* Source data:

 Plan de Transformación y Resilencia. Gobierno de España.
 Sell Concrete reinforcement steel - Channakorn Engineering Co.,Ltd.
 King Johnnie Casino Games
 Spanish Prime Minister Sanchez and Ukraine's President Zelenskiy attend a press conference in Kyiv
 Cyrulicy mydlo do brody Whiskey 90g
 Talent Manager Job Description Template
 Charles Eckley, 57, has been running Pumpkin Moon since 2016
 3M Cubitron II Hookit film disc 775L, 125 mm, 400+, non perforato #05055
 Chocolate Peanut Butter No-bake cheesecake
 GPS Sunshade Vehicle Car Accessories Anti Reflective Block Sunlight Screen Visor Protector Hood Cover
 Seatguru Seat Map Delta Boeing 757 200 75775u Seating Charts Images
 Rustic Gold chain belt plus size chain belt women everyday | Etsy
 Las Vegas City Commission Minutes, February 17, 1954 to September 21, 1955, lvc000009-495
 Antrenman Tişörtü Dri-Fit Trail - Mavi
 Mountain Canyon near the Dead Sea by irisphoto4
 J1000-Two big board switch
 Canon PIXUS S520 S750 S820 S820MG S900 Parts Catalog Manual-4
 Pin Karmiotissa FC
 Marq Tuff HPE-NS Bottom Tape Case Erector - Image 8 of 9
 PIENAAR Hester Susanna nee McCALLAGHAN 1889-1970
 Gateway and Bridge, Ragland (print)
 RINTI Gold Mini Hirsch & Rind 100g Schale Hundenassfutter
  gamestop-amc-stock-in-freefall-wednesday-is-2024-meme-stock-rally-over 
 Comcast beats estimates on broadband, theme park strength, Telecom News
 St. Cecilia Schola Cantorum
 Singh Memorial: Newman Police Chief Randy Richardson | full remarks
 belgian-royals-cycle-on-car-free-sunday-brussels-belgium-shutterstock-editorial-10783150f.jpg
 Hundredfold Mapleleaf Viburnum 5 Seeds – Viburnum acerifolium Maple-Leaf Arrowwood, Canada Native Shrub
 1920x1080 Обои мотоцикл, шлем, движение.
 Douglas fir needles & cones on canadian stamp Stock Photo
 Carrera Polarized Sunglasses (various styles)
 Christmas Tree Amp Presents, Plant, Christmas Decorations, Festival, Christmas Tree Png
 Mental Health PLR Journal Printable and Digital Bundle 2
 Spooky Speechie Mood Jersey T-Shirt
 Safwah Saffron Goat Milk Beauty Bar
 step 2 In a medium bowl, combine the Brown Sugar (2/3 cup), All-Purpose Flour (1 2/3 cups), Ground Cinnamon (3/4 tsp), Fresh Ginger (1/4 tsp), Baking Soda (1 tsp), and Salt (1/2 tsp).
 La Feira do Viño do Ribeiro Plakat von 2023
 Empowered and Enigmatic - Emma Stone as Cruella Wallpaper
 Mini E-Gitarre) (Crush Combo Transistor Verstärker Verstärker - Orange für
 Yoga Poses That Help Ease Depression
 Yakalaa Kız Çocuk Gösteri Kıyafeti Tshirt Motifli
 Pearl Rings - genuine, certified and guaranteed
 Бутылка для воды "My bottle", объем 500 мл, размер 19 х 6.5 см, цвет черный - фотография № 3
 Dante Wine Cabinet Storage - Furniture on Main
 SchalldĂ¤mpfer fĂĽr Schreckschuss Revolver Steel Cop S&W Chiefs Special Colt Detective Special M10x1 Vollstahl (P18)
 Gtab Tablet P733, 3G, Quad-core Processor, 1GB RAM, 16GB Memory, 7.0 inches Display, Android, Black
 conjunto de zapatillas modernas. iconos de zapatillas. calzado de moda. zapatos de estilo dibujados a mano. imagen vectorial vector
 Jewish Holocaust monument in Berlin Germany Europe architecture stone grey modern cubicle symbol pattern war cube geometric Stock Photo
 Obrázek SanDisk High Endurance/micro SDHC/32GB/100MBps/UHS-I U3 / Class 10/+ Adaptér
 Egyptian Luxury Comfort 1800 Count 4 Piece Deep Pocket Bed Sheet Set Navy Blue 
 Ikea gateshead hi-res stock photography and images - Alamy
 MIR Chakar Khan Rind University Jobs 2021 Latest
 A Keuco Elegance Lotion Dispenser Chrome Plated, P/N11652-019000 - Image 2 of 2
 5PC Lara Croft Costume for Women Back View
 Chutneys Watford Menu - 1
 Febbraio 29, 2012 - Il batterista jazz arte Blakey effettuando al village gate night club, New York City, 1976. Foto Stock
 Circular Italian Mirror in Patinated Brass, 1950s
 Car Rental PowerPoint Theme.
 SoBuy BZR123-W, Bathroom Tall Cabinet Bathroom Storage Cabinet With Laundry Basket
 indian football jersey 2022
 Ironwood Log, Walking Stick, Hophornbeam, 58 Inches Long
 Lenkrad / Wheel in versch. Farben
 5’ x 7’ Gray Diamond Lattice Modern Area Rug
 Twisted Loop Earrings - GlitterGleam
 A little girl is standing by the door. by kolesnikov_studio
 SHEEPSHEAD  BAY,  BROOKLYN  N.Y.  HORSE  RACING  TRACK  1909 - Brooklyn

* Work instruction: Reproduce the whole of the material exactly as shown.

* Answer section:
 Plan de Transformación y Resilencia. Gobierno de España.
 Sell Concrete reinforcement steel - Channakorn Engineering Co.,Ltd.
 King Johnnie Casino Games
 Spanish Prime Minister Sanchez and Ukraine's President Zelenskiy attend a press conference in Kyiv
 Cyrulicy mydlo do brody Whiskey 90g
 Talent Manager Job Description Template
 Charles Eckley, 57, has been running Pumpkin Moon since 2016
 3M Cubitron II Hookit film disc 775L, 125 mm, 400+, non perforato #05055
 Chocolate Peanut Butter No-bake cheesecake
 GPS Sunshade Vehicle Car Accessories Anti Reflective Block Sunlight Screen Visor Protector Hood Cover
 Seatguru Seat Map Delta Boeing 757 200 75775u Seating Charts Images
 Rustic Gold chain belt plus size chain belt women everyday | Etsy
 Las Vegas City Commission Minutes, February 17, 1954 to September 21, 1955, lvc000009-495
 Antrenman Tişörtü Dri-Fit Trail - Mavi
 Mountain Canyon near the Dead Sea by irisphoto4
 J1000-Two big board switch
 Canon PIXUS S520 S750 S820 S820MG S900 Parts Catalog Manual-4
 Pin Karmiotissa FC
 Marq Tuff HPE-NS Bottom Tape Case Erector - Image 8 of 9
 PIENAAR Hester Susanna nee McCALLAGHAN 1889-1970
 Gateway and Bridge, Ragland (print)
 RINTI Gold Mini Hirsch & Rind 100g Schale Hundenassfutter
  gamestop-amc-stock-in-freefall-wednesday-is-2024-meme-stock-rally-over 
 Comcast beats estimates on broadband, theme park strength, Telecom News
 St. Cecilia Schola Cantorum
 Singh Memorial: Newman Police Chief Randy Richardson | full remarks
 belgian-royals-cycle-on-car-free-sunday-brussels-belgium-shutterstock-editorial-10783150f.jpg
 Hundredfold Mapleleaf Viburnum 5 Seeds – Viburnum acerifolium Maple-Leaf Arrowwood, Canada Native Shrub
 1920x1080 Обои мотоцикл, шлем, движение.
 Douglas fir needles & cones on canadian stamp Stock Photo
 Carrera Polarized Sunglasses (various styles)
 Christmas Tree Amp Presents, Plant, Christmas Decorations, Festival, Christmas Tree Png
 Mental Health PLR Journal Printable and Digital Bundle 2
 Spooky Speechie Mood Jersey T-Shirt
 Safwah Saffron Goat Milk Beauty Bar
 step 2 In a medium bowl, combine the Brown Sugar (2/3 cup), All-Purpose Flour (1 2/3 cups), Ground Cinnamon (3/4 tsp), Fresh Ginger (1/4 tsp), Baking Soda (1 tsp), and Salt (1/2 tsp).
 La Feira do Viño do Ribeiro Plakat von 2023
 Empowered and Enigmatic - Emma Stone as Cruella Wallpaper
 Mini E-Gitarre) (Crush Combo Transistor Verstärker Verstärker - Orange für
 Yoga Poses That Help Ease Depression
 Yakalaa Kız Çocuk Gösteri Kıyafeti Tshirt Motifli
 Pearl Rings - genuine, certified and guaranteed
 Бутылка для воды "My bottle", объем 500 мл, размер 19 х 6.5 см, цвет черный - фотография № 3
 Dante Wine Cabinet Storage - Furniture on Main
 SchalldĂ¤mpfer fĂĽr Schreckschuss Revolver Steel Cop S&W Chiefs Special Colt Detective Special M10x1 Vollstahl (P18)
 Gtab Tablet P733, 3G, Quad-core Processor, 1GB RAM, 16GB Memory, 7.0 inches Display, Android, Black
 conjunto de zapatillas modernas. iconos de zapatillas. calzado de moda. zapatos de estilo dibujados a mano. imagen vectorial vector
 Jewish Holocaust monument in Berlin Germany Europe architecture stone grey modern cubicle symbol pattern war cube geometric Stock Photo
 Obrázek SanDisk High Endurance/micro SDHC/32GB/100MBps/UHS-I U3 / Class 10/+ Adaptér
 Egyptian Luxury Comfort 1800 Count 4 Piece Deep Pocket Bed Sheet Set Navy Blue 
 Ikea gateshead hi-res stock photography and images - Alamy
 MIR Chakar Khan Rind University Jobs 2021 Latest
 A Keuco Elegance Lotion Dispenser Chrome Plated, P/N11652-019000 - Image 2 of 2
 5PC Lara Croft Costume for Women Back View
 Chutneys Watford Menu - 1
 Febbraio 29, 2012 - Il batterista jazz arte Blakey effettuando al village gate night club, New York City, 1976. Foto Stock
 Circular Italian Mirror in Patinated Brass, 1950s
 Car Rental PowerPoint Theme.
 SoBuy BZR123-W, Bathroom Tall Cabinet Bathroom Storage Cabinet With Laundry Basket
 indian football jersey 2022
 Ironwood Log, Walking Stick, Hophornbeam, 58 Inches Long
 Lenkrad / Wheel in versch. Farben
 5’ x 7’ Gray Diamond Lattice Modern Area Rug
 Twisted Loop Earrings - GlitterGleam
 A little girl is standing by the door. by kolesnikov_studio
 SHEEPSHEAD  BAY,  BROOKLYN  N.Y.  HORSE  RACING  TRACK  1909 - Brooklyn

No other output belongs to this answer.